Hogan Lovells also advised Saint Laurent (YSL) in the acquisition of a stake in its Gulf business through a joint venture with Al Tayer Group, one of Dubai's leading business groups. YSL has been operating in the UAE for almost a decade as part of a franchise arrangement with Al Tayer Insignia, the largest luxury retailer in the Middle East. YSL acquired a significant interest in a joint venture company. The YSL franchise business in the UAE has been transferred into this company. This transaction cemented YSL’s position in the UAE retail market.

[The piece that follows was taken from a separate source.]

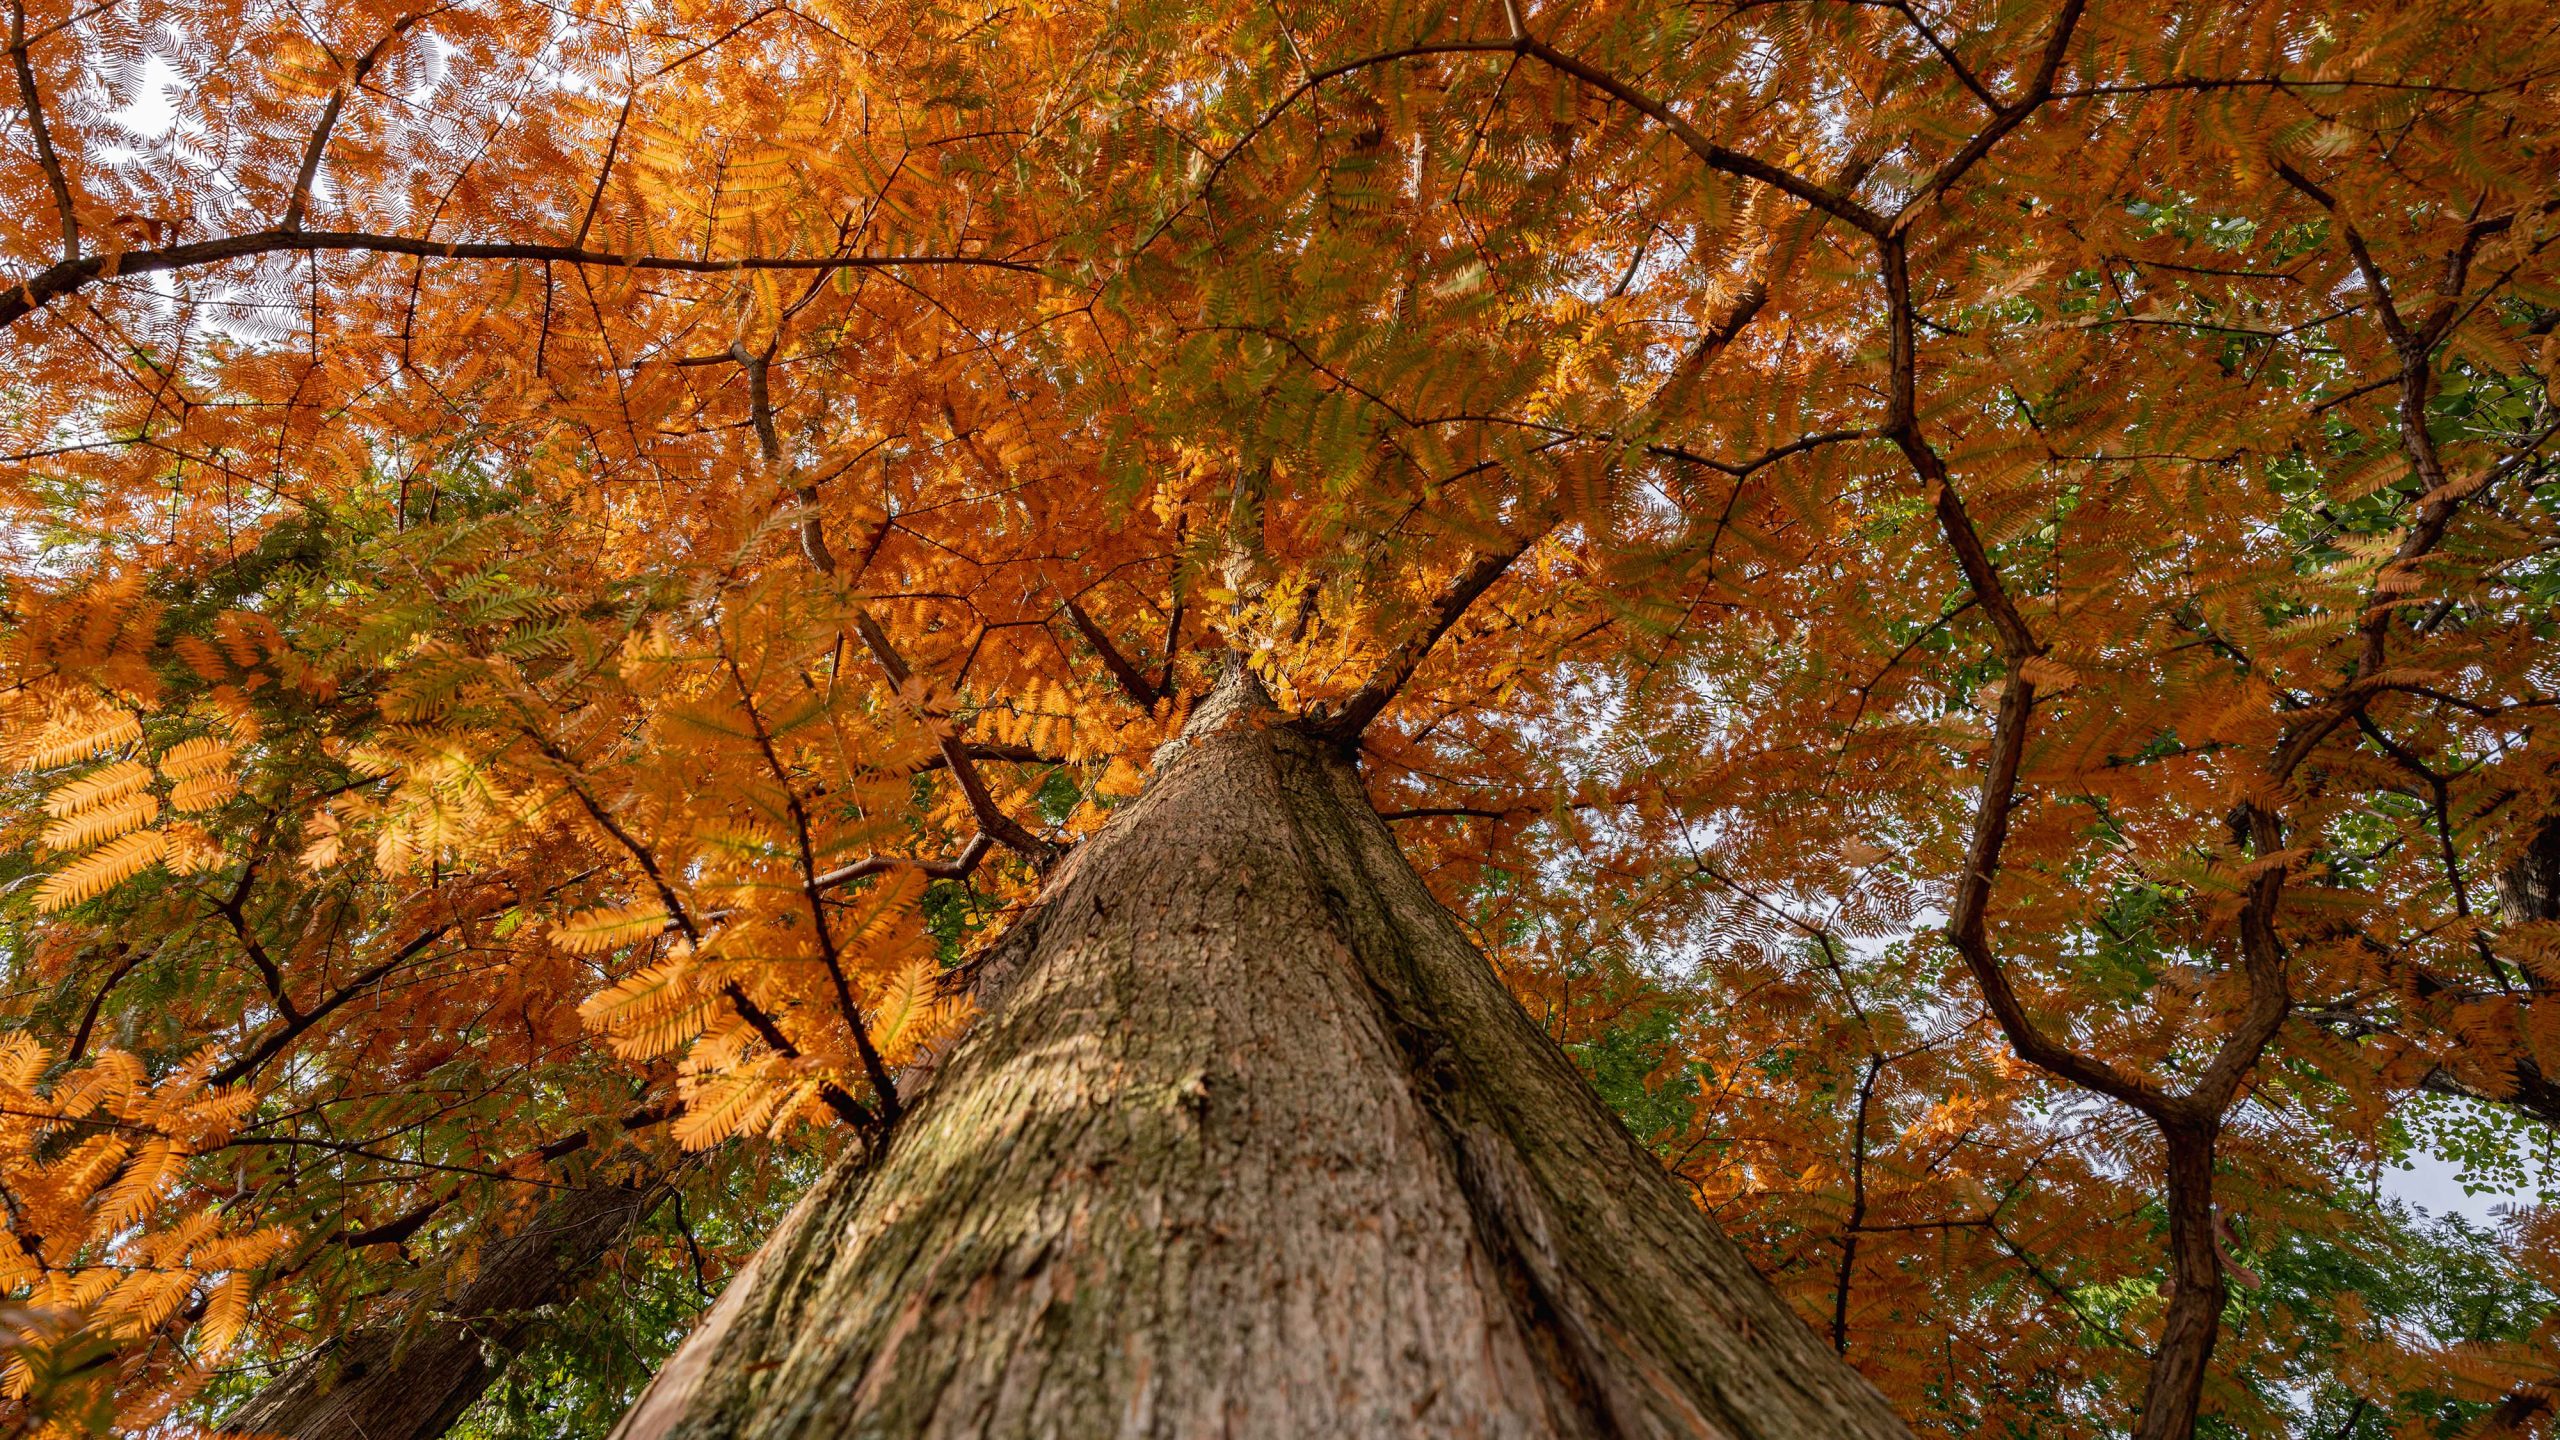 Upward looking image of a large tree in orange fall foliage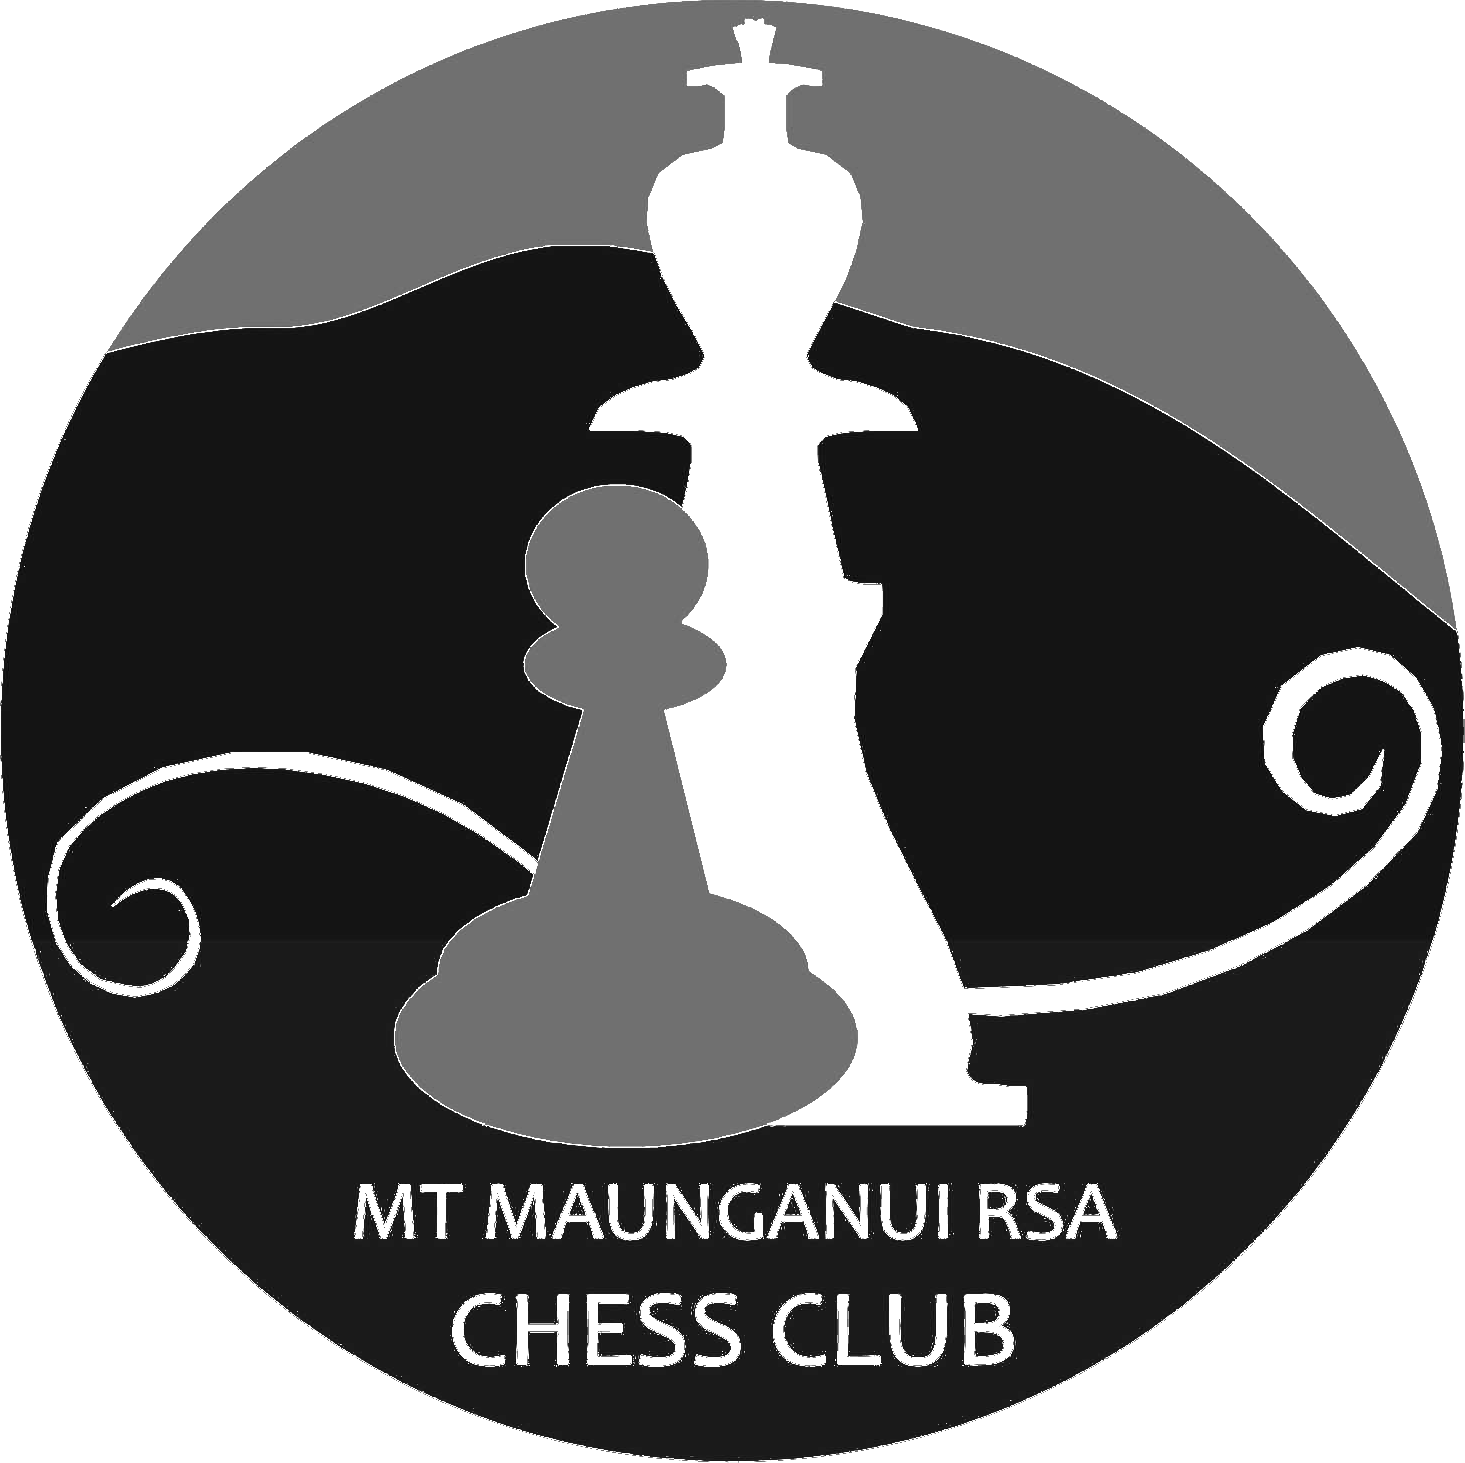 Mount Maunganui RSA Chess Club

Partner Imtiaz Shah led the transaction.

Jones Day represented Tata Technologies Inc (TTUS), a US subsidiary of Tata Technologies Ltd, in its leveraged acquisition through a reverse triangular merger of Cambric Holdings Inc, a US-based end-to-end engineering services firm active in heavy-engineering, off-highway and automotive products. Headquartered in Salt Lake City, Utah, the Cambric Group has substantial operations in Romania, and staff personnel in multiple US and European jurisdictions. Partners Dennis Barsky and Sushma Jobanputra led the transaction, which was completed on 1 May 2013.

Jones Day also represented Tata Technologies Inc in the financing of the acquisition of Cambric Holdings Inc by Tata Technologies SPV Inc, a subsidiary of Tata Technologies Inc. The financing included a term loan and a working capital facility from Bank of America NA, each made available to Cambric Holdings Inc. Partner Sushma Jobanputra led the transaction while Sheppard, Mullin, Richter & Hampton acted for Bank of America NA.